After my experience at Manchester last year, where  the queue to get into the auditorium to hear Ed Miliband speak started at 13:00, I got to the Brighton Centre early, and got one of the last seats in the balcony. By the time I publish this, many others will have commented, and I didn’t take any notes so my perceptions may be influenced by others comments. If you want the transcript, it’s available on Labour List here and the Labour Party have published a web video avaialble on you tube, or there’s a hyperlink in this article.

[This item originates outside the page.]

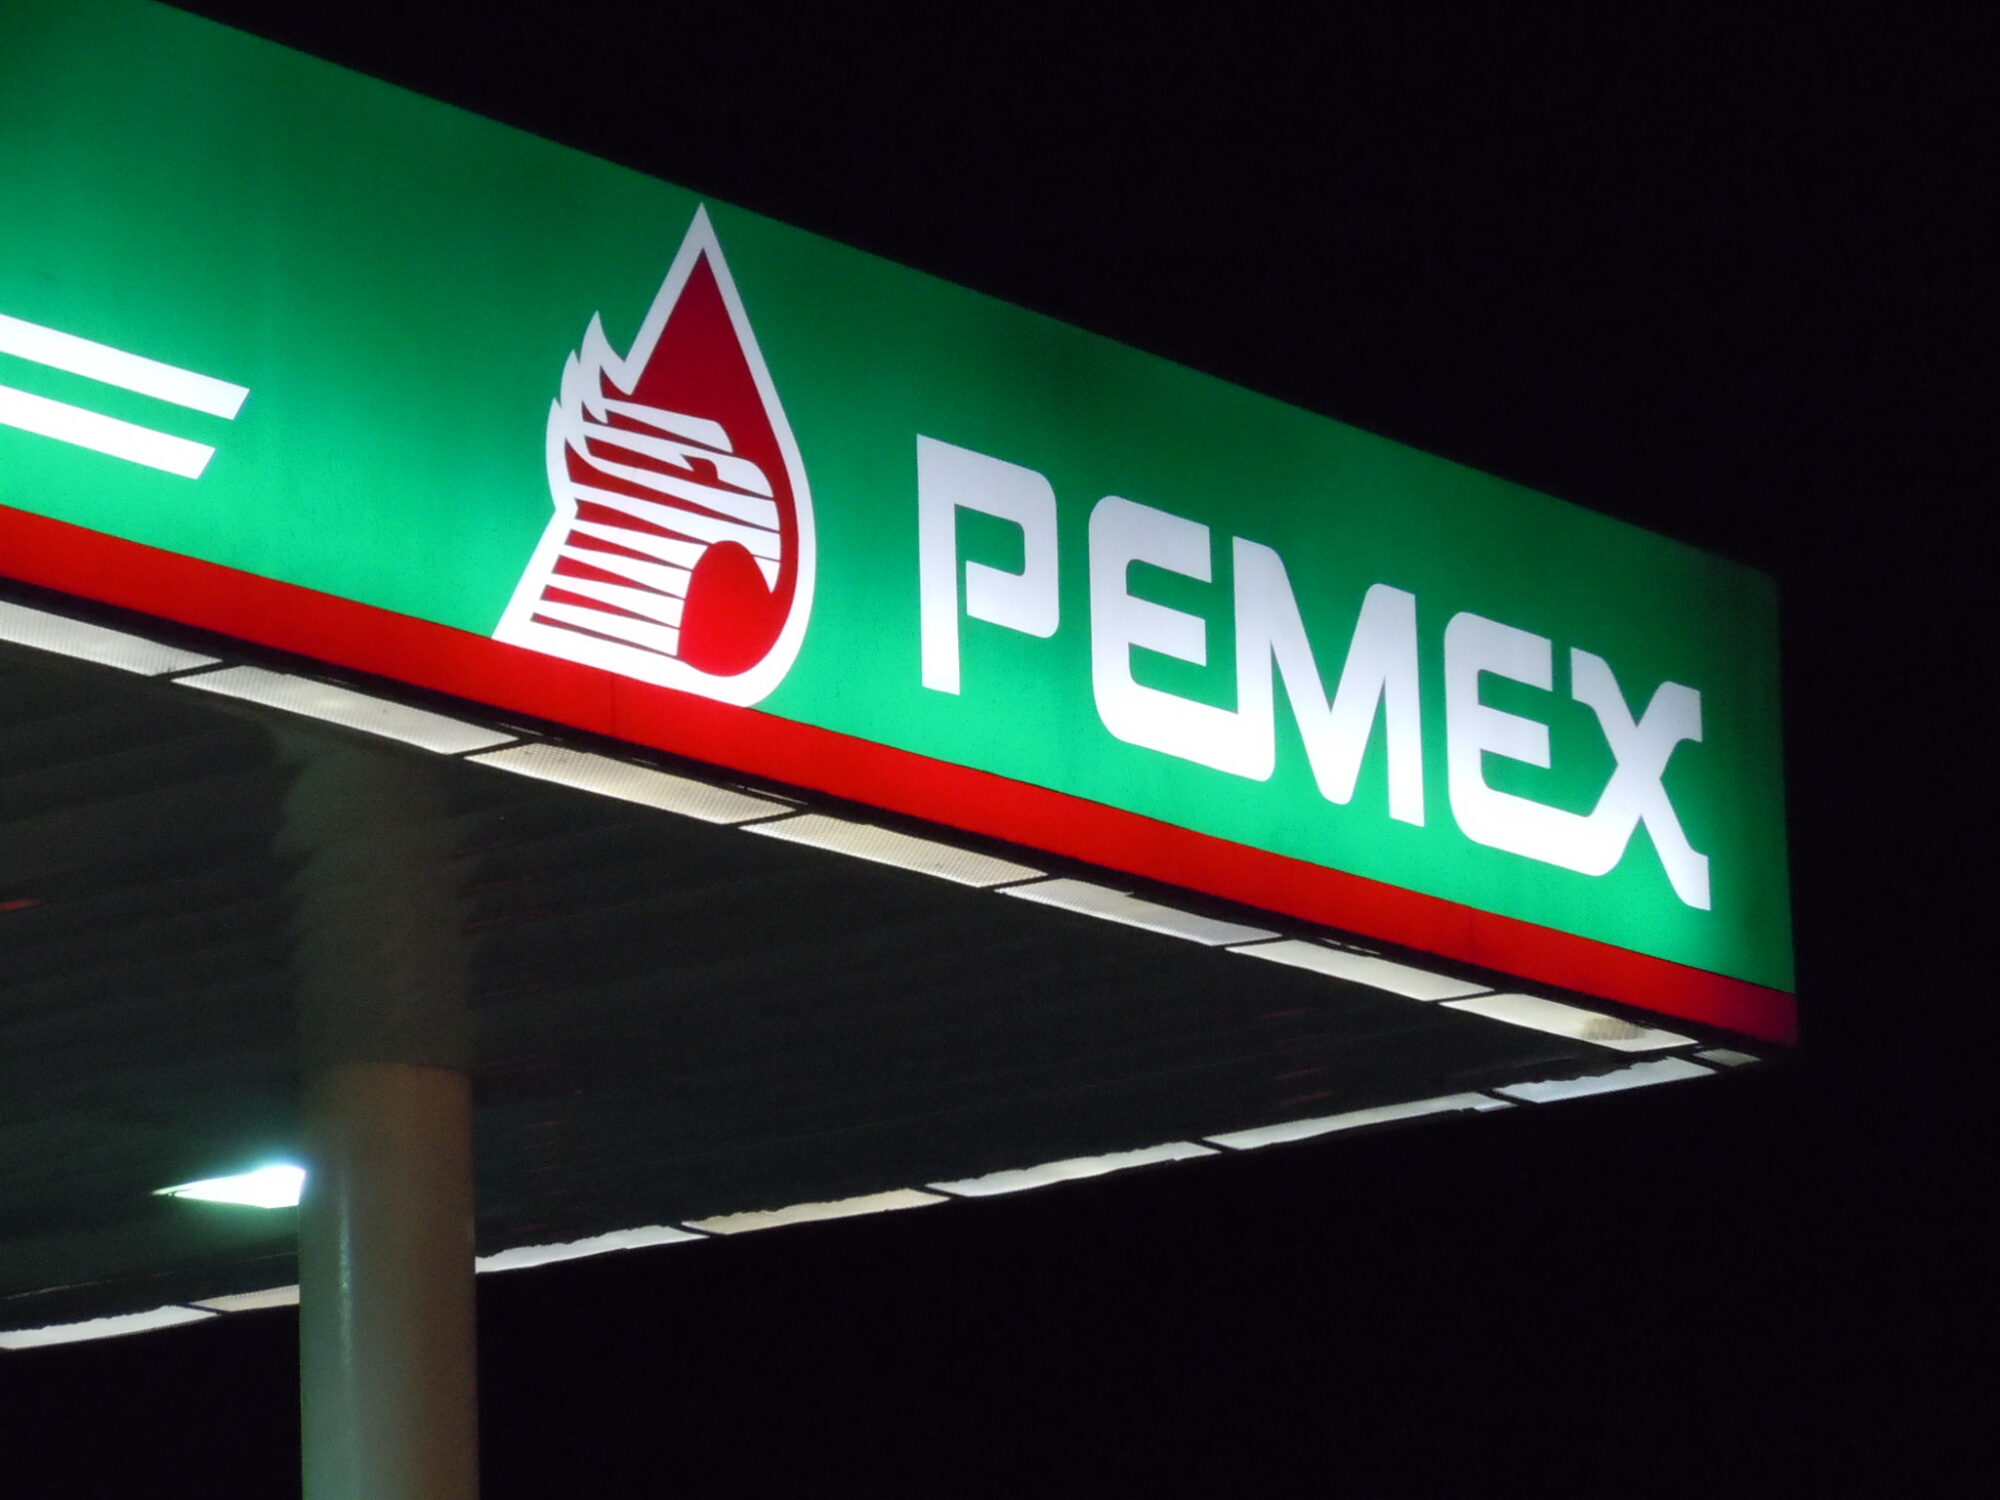 <p>A Pemex, a empresa petrolífera estatal do México, está entre as 20 empresas que mais emitiram gases de efeito estufa na história (Imagem: <a href="https://flickr.com/photos/rutlo/5337912858/in/photolist-98Gcwj-2kxnjiC-5RUD2j-5PoozE-5exo2c-5extnM-5extrr-2Wsbq-9A5HXA-2kS9tjz-5Pj5bz-9CcXrP-4Cfkeq-DR5PBj-a6eDUp-4zHg4i-52a2pD-Q1tnL-5JEUwc-H9YjhD-bnG2aC-jULkWJ-z9mpT-RaYUi-5YNSB-5ERvHK-PMGy5-Nyo4x-9m4wZW-F1nGJ-4xwncC-2kSKqiC-mBb3wB-8rzavu-qiFUhm-qAfGM2-irQ2x-8ruDPZ-52kkDV-6HMtgK-6HMqPR-9idBmt-bF4356-6HMqai-dRN6GU-6HMpfM-7eF6Zp-6HMpLv-6HMpP8-6e4bsj">Flickr</a>)</p>

Many will have heard the best sound bites,

Britain can do better than this!

An appeal to people’s  sense of fair play.

They used to say a rising tide lifts all boats, now the rising tide just seems to lift the yachts.

The counter point to “we are in this together”.

…to make Britain better we have got to win a race to the top, not a race to the bottom

The counterpoint to the supply side economists

You see here is the thing about David Cameron. He may be strong at standing up to the weak, but he is always weak when it comes to standing up against the strong.

This may be a killer! There’s something insubstantial about Cameron; he lacks courage and this line has resonance, as Miliband said in his speech, he supports Murdoch over phone hacking, tobacco companies over cancer charities, rich donors over the mansion and income taxes, and hedge funds over hospitals and patients. (Stop, this list could go on.)

The speech also made promises on policy; in the room it seemed hard to pick out the headlines with promises on energy prices and market regulation, house building and rental market reform, repeal of the Bedroom Tax, and end to NHS privatisation, votes for 16 year olds, fair employment laws, increases of the minimum wage and repealing the disability reviews.

There’s a section in the speech where he states the fault of market failure is Government’s not that of the companies, not sure I agree, but we are finally seeing in policy terms what pre-distribution means and the difference between Miliband’s Labour and the old New Labour. This is beyond planning for economic growth so that a Labour Government can spend the tax yield on good causes.

It’s possible that the biggest Impact of the speech will be on the Labour Party, now we can see what policies the insights that predatory capitalism and pre-distribution mean we can answer the big  question that I get asked, “Would we do better?”

This may be the first election since 1997 that Britain will have a choice and this speech reinforces the fact that Ed Miliband has moved on from New Labour.

Ed Miliband’s Leader’s speech, what I think!